■ **Task**:
Your response to the data below should hold nothing except the lines from the one containing "Vietnam Individuell mit" down to the one containing "Wegbeschreibung St. Regis Bali Resort", reproduced exactly and without pictures.

Segment Start: Record excerpts

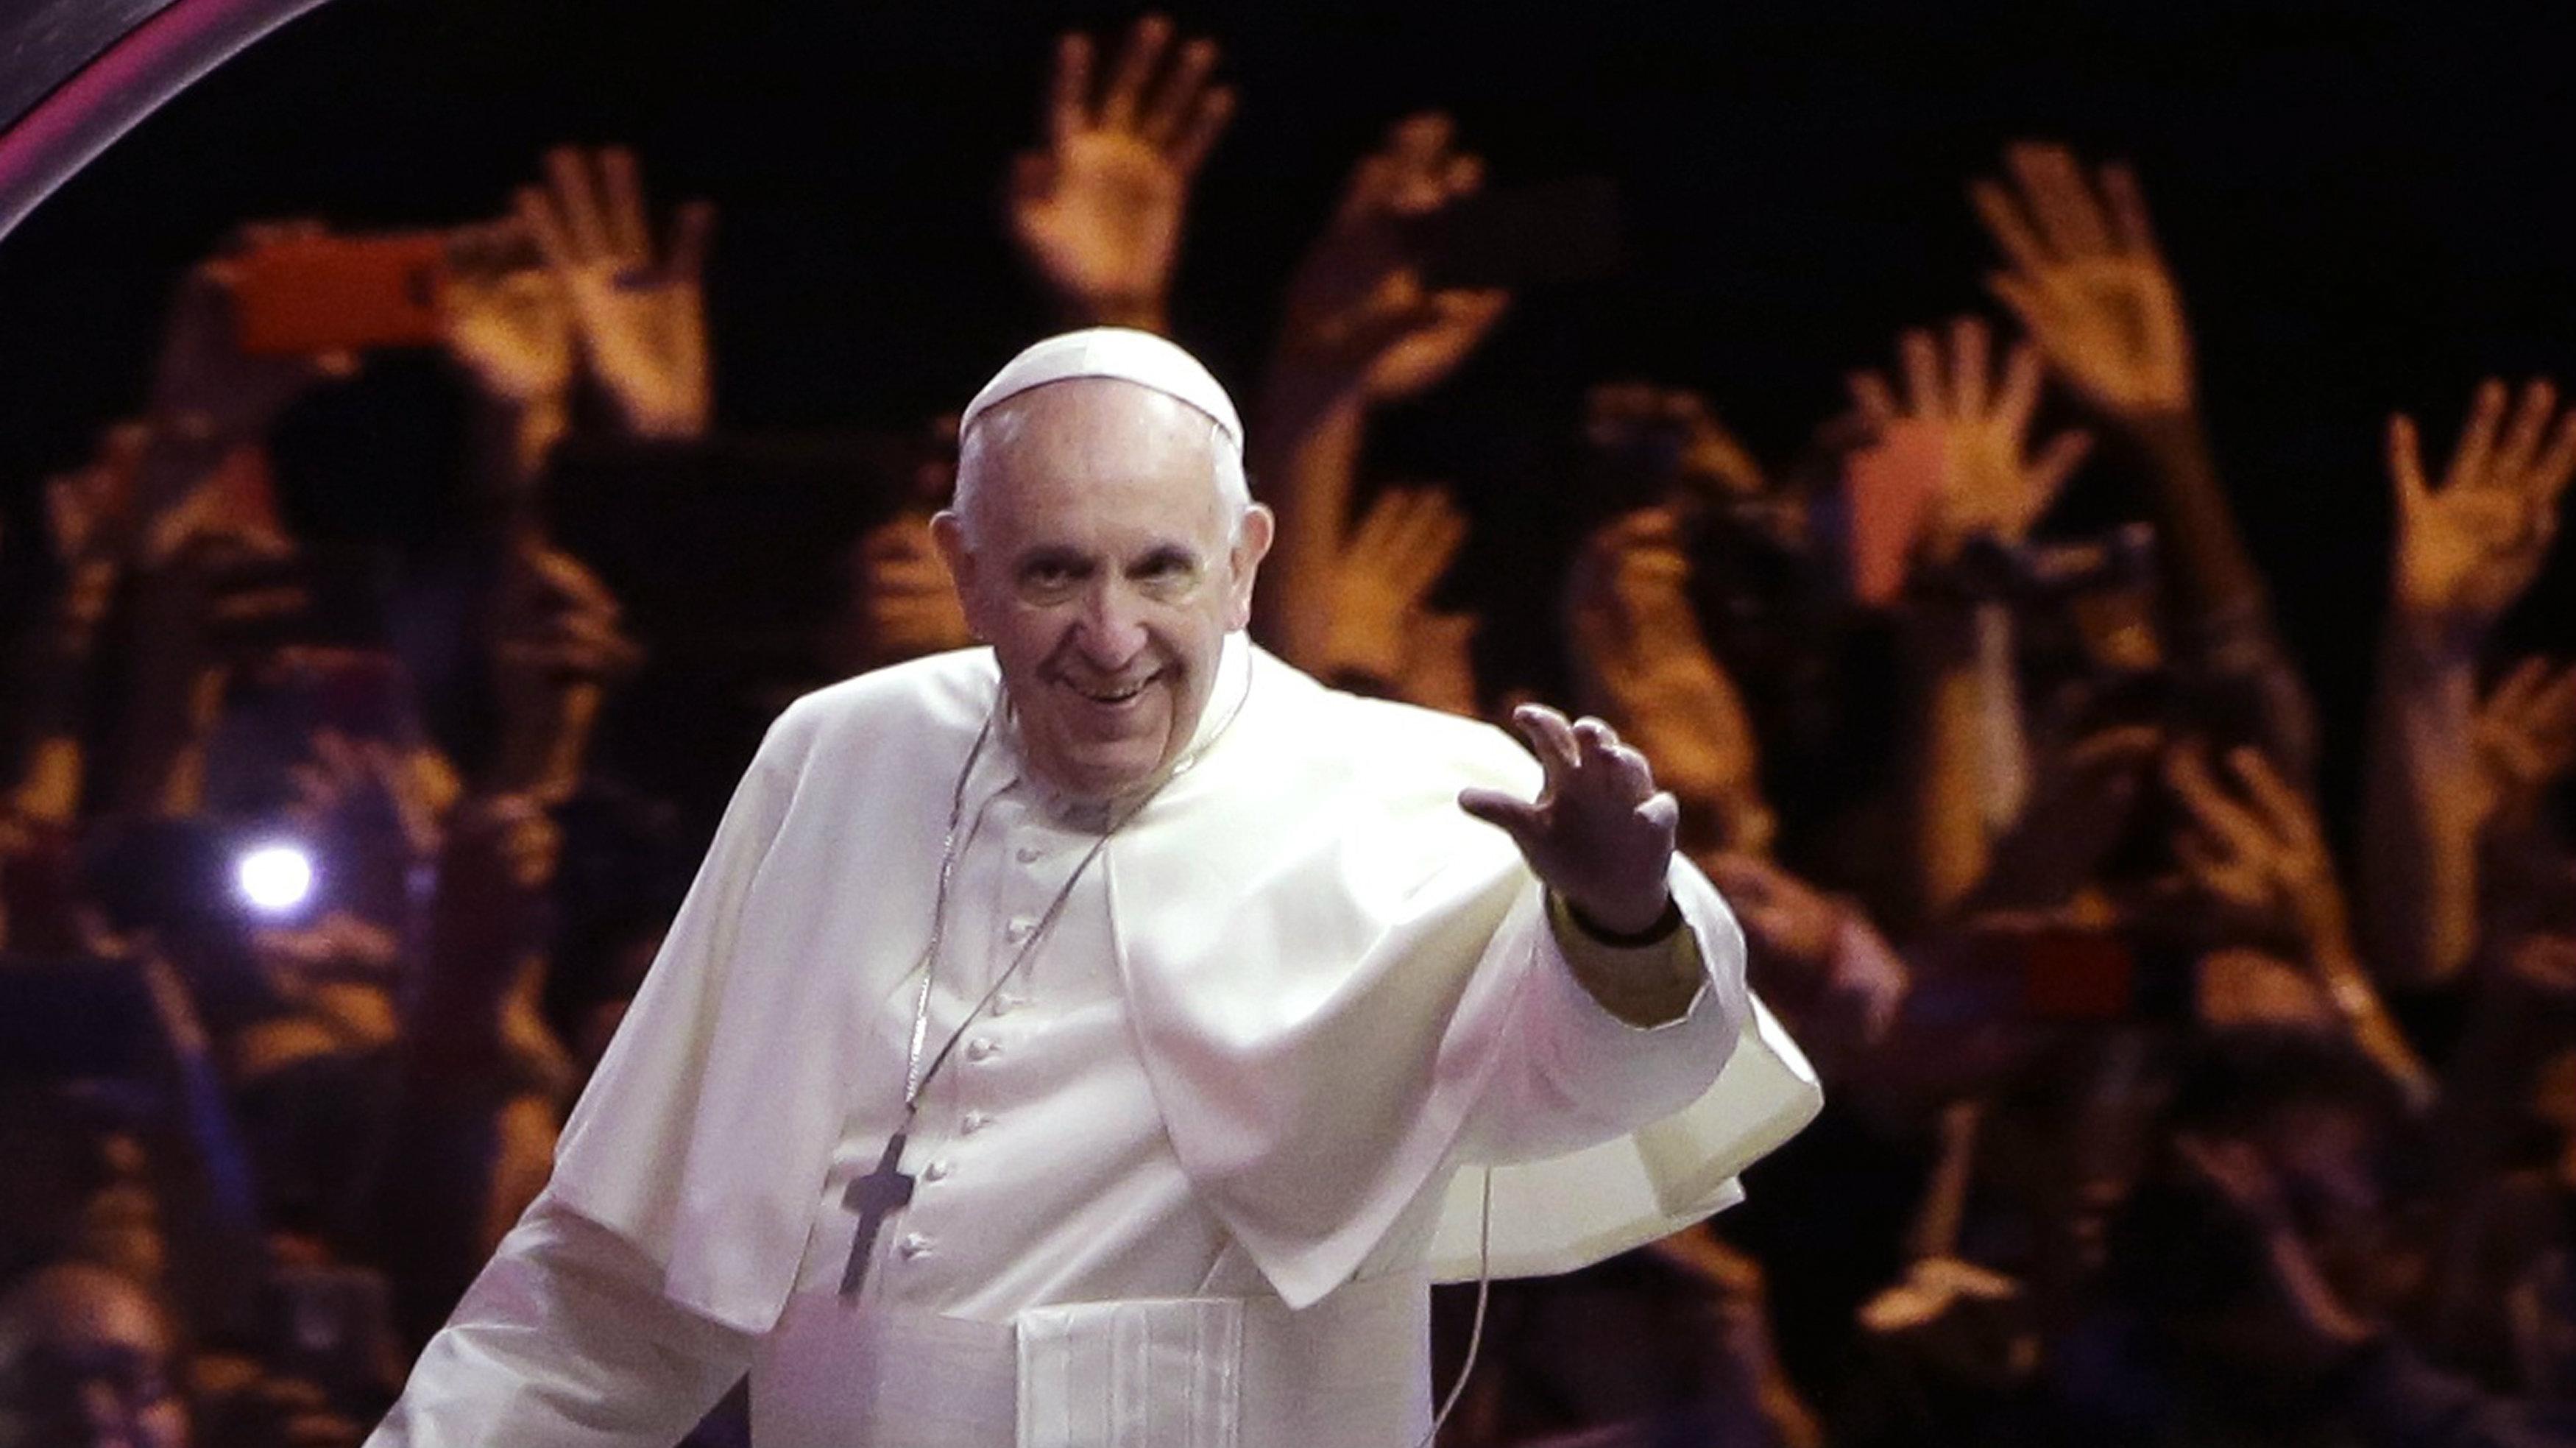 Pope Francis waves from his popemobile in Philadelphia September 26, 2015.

Segment End: Record excerpts
Segment Start: Record excerpts

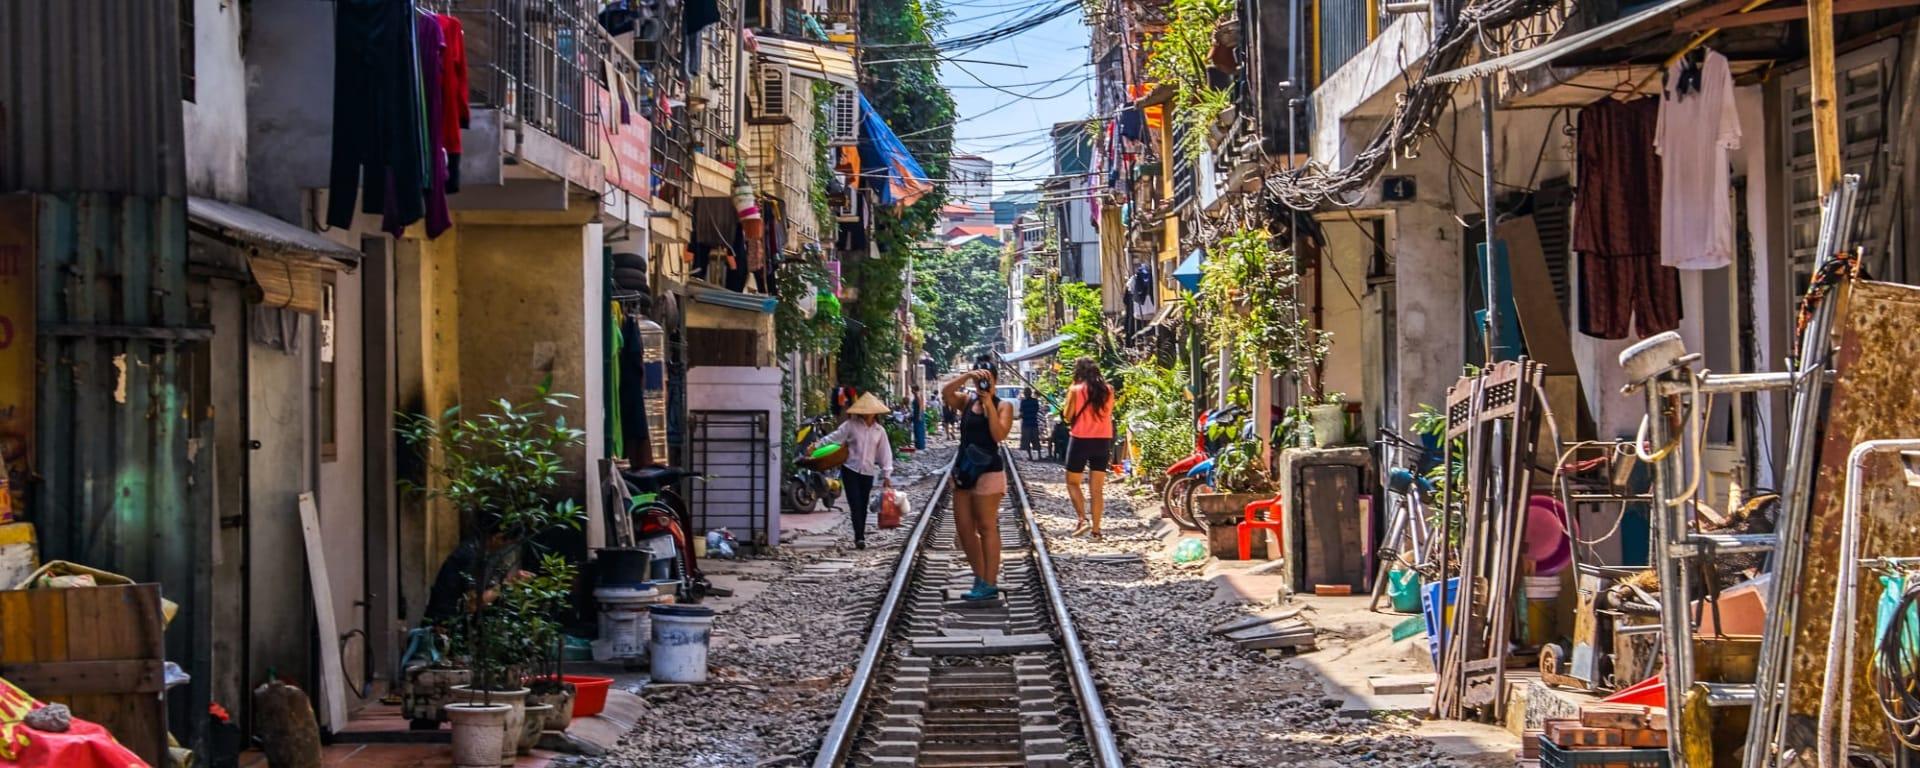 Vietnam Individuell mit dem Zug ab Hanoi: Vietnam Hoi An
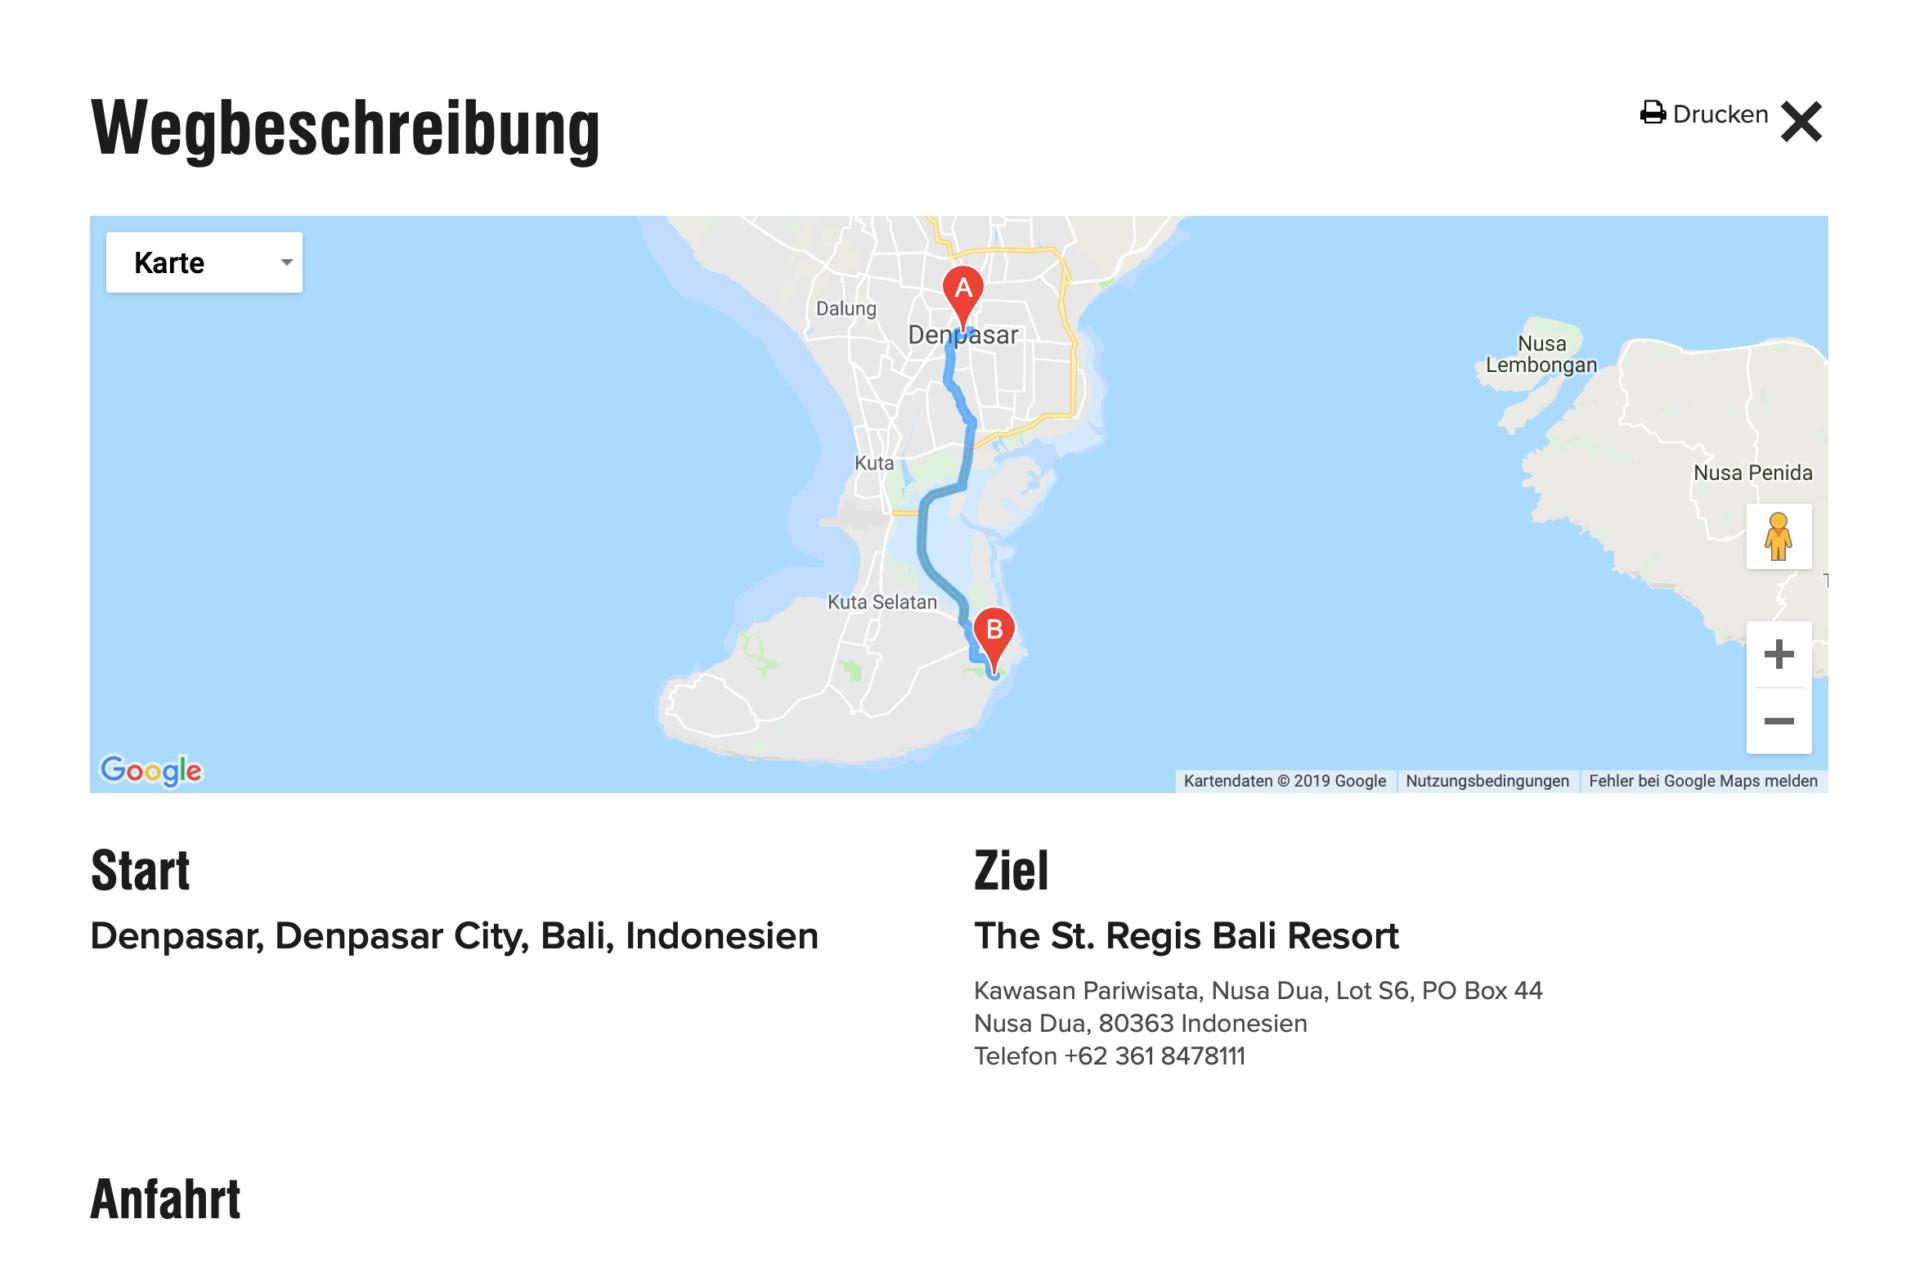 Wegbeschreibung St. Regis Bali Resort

Segment End: Record excerpts

■ **Your response**:
 Vietnam Individuell mit dem Zug ab Hanoi: Vietnam Hoi An
 Wegbeschreibung St. Regis Bali Resort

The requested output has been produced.